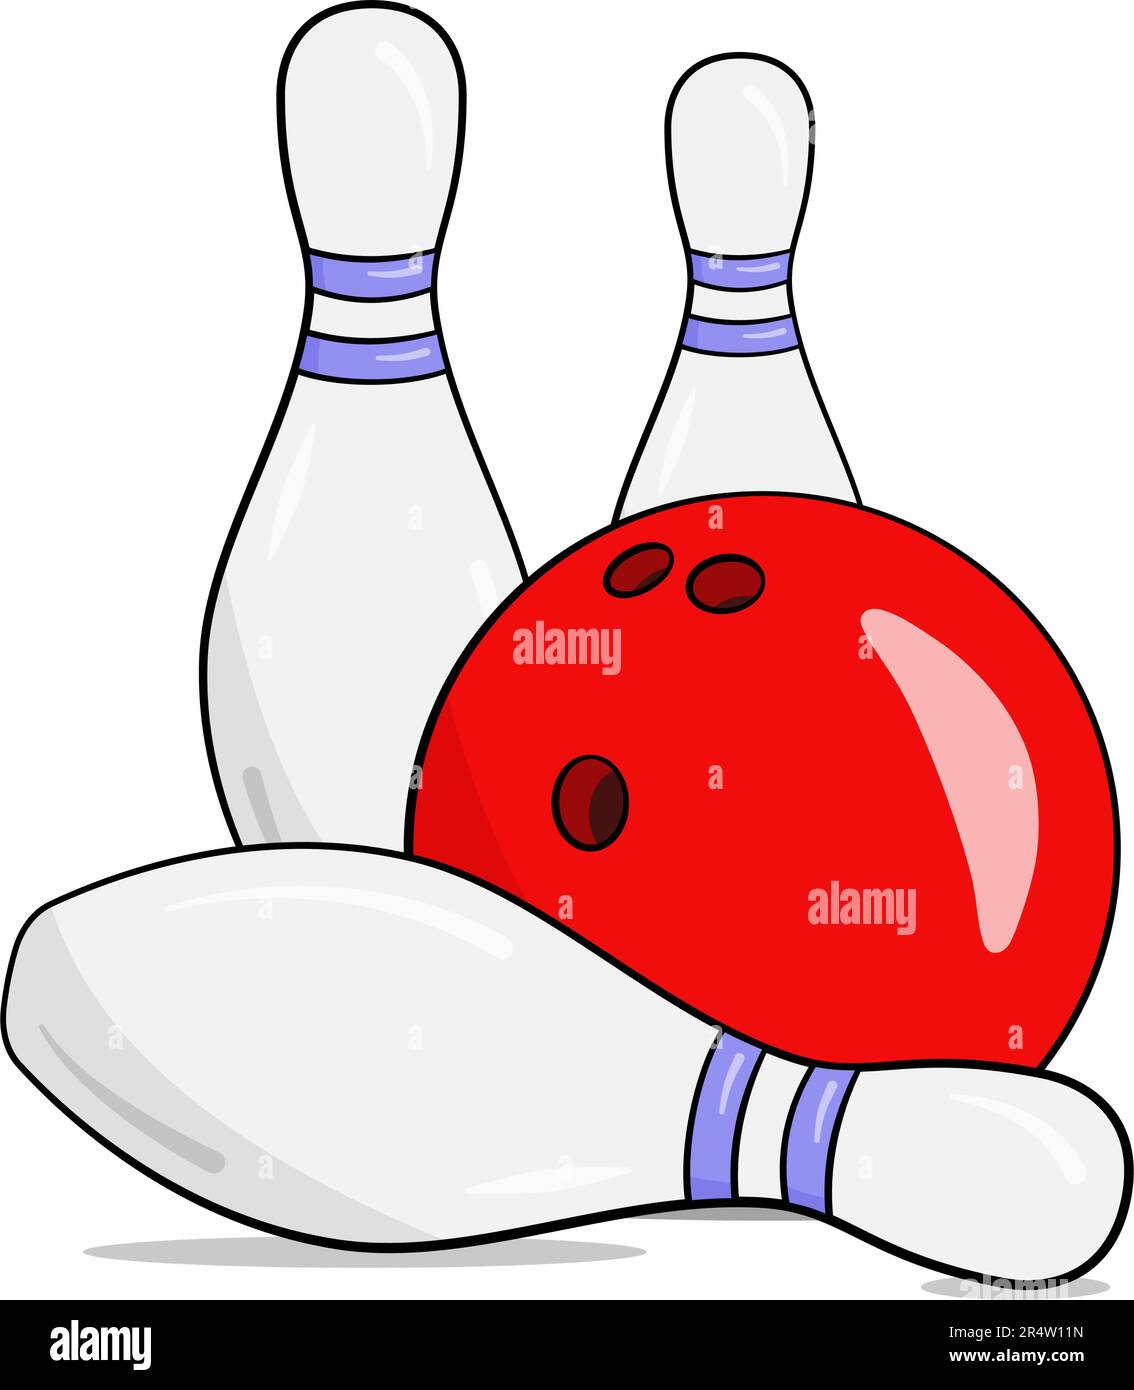 Boule de bowling verte et trois épingles. Dessin animé. Illustration vectorielle. Isolé sur fond blanc Illustration de Vecteur
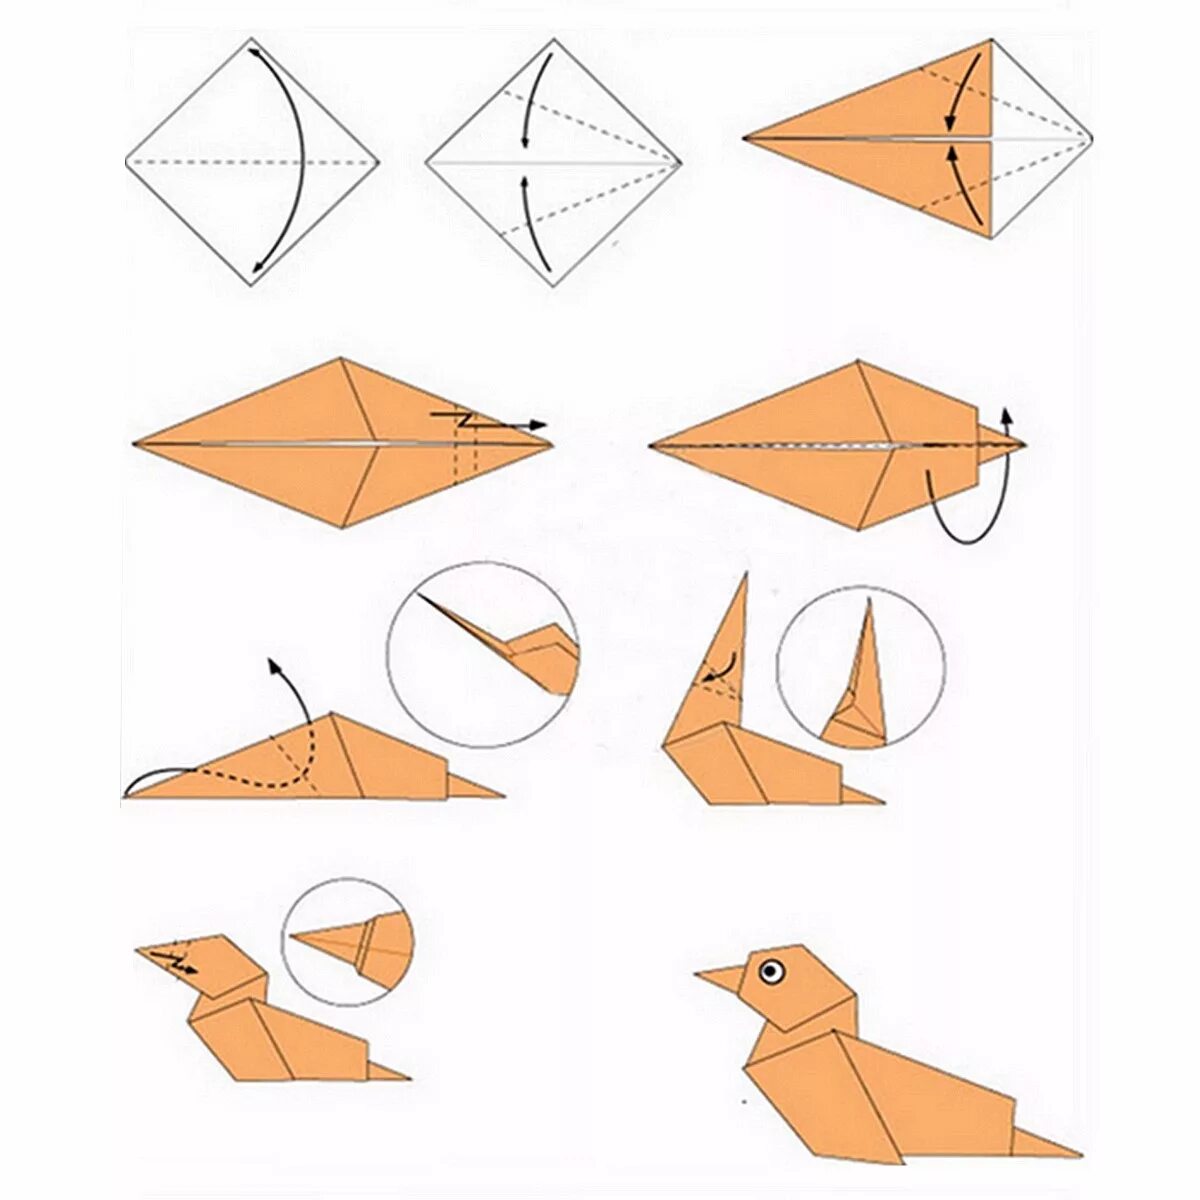 Схема как делать оригами. Как сложить оригами из бумаги для начинающих. Схемы оригами легкие пошагово. Оригами из бумаги для начинающих животные пошагово схемы.
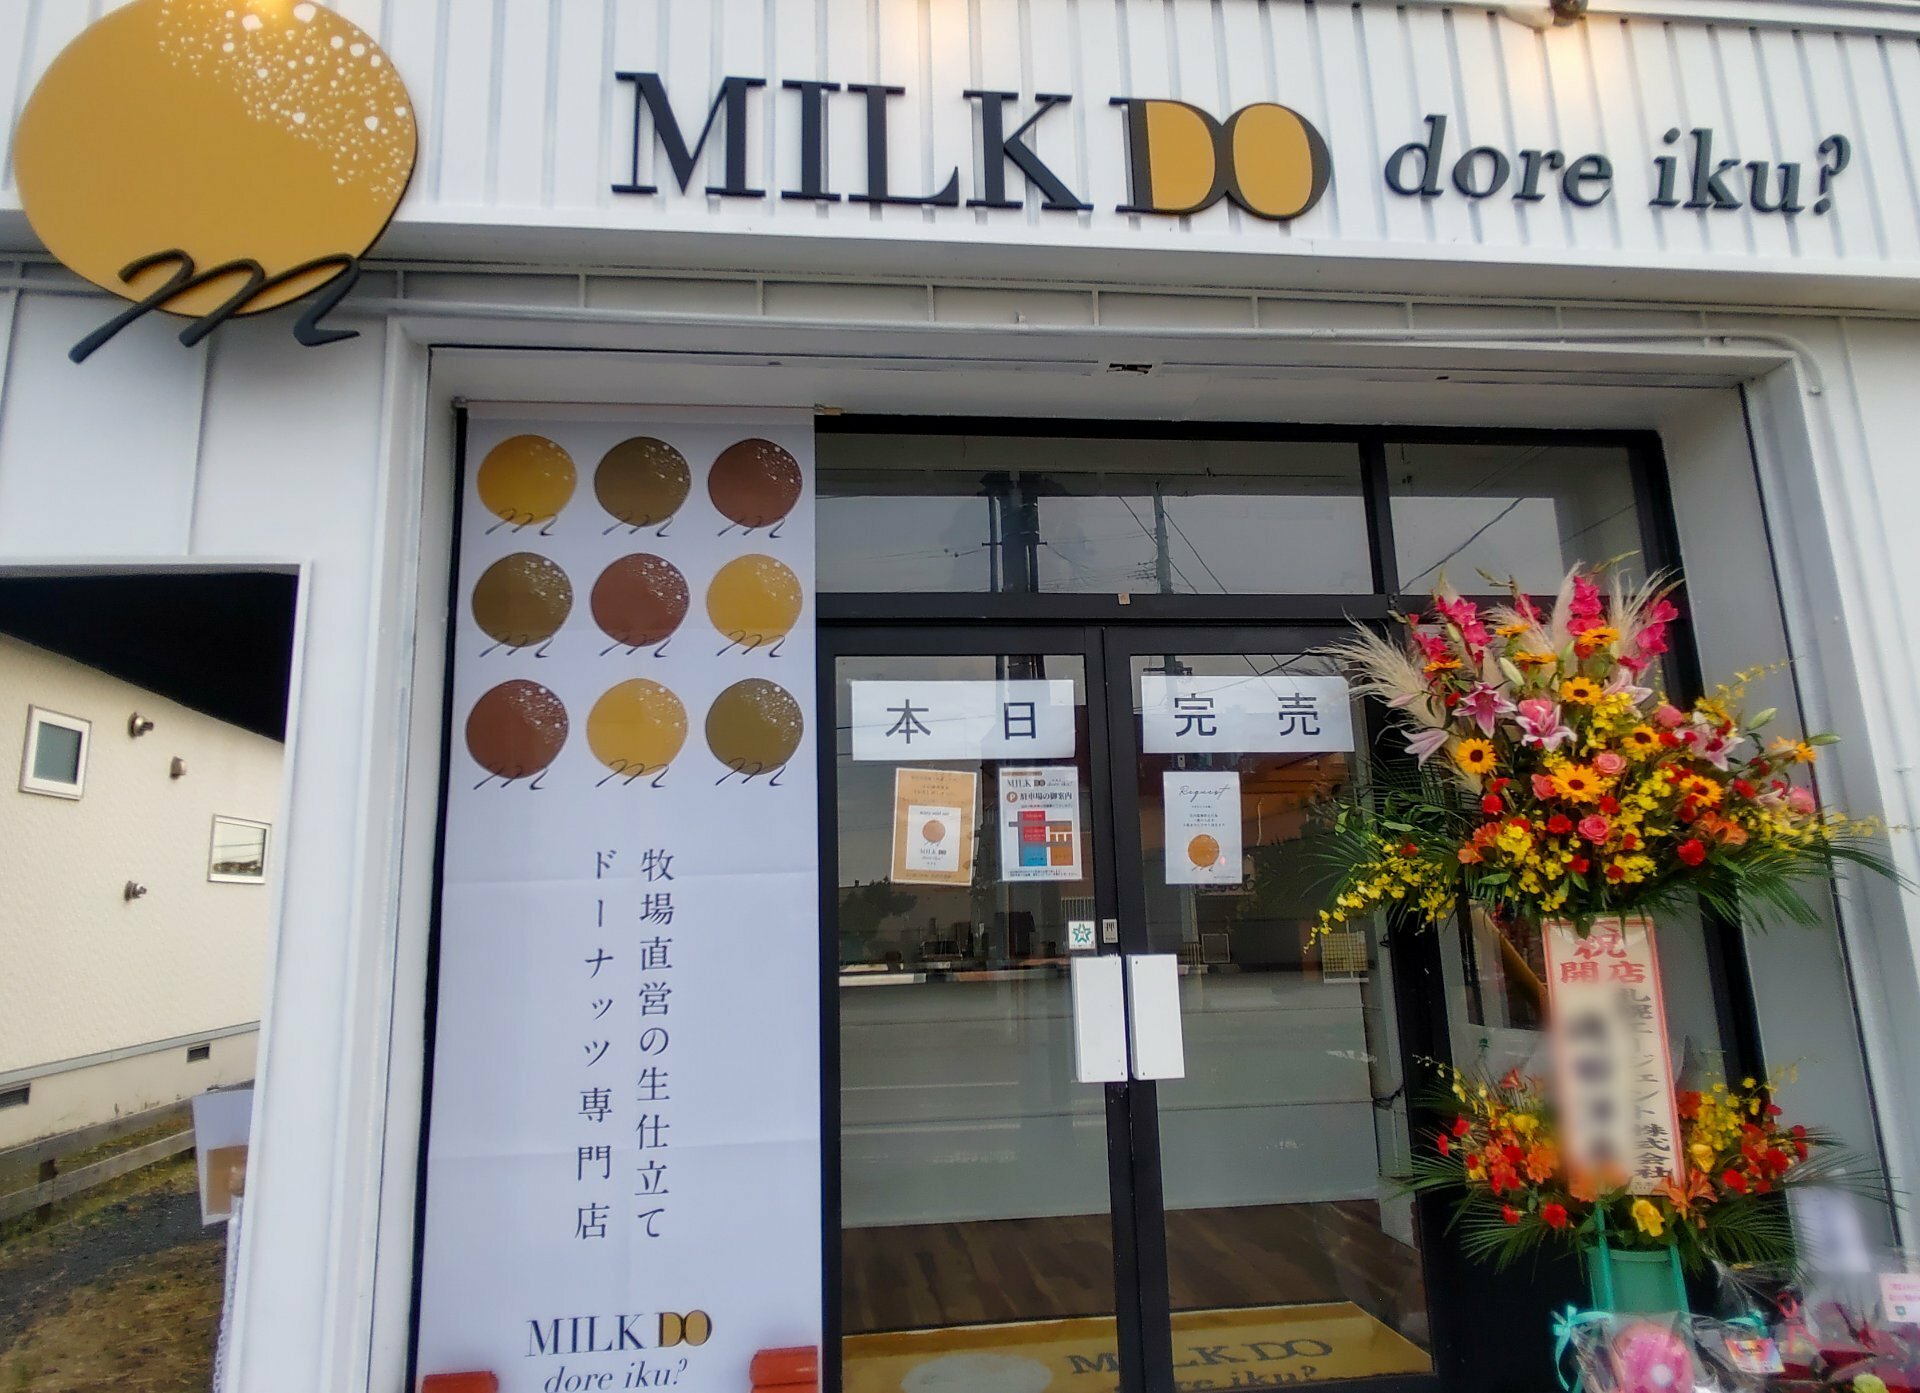 *2023年10月12日にオープンした「MILK DO dore iku? 北見店」の写真です。

Required work =>
In the printed copy, the material above must appear unchanged and without its pictures.

Final answer =>
 Boule de bowling verte et trois épingles. Dessin animé. Illustration vectorielle. Isolé sur fond blanc Illustration de Vecteur
 Схема как делать оригами. Как сложить оригами из бумаги для начинающих. Схемы оригами легкие пошагово. Оригами из бумаги для начинающих животные пошагово схемы.
 *2023年10月12日にオープンした「MILK DO dore iku? 北見店」の写真です。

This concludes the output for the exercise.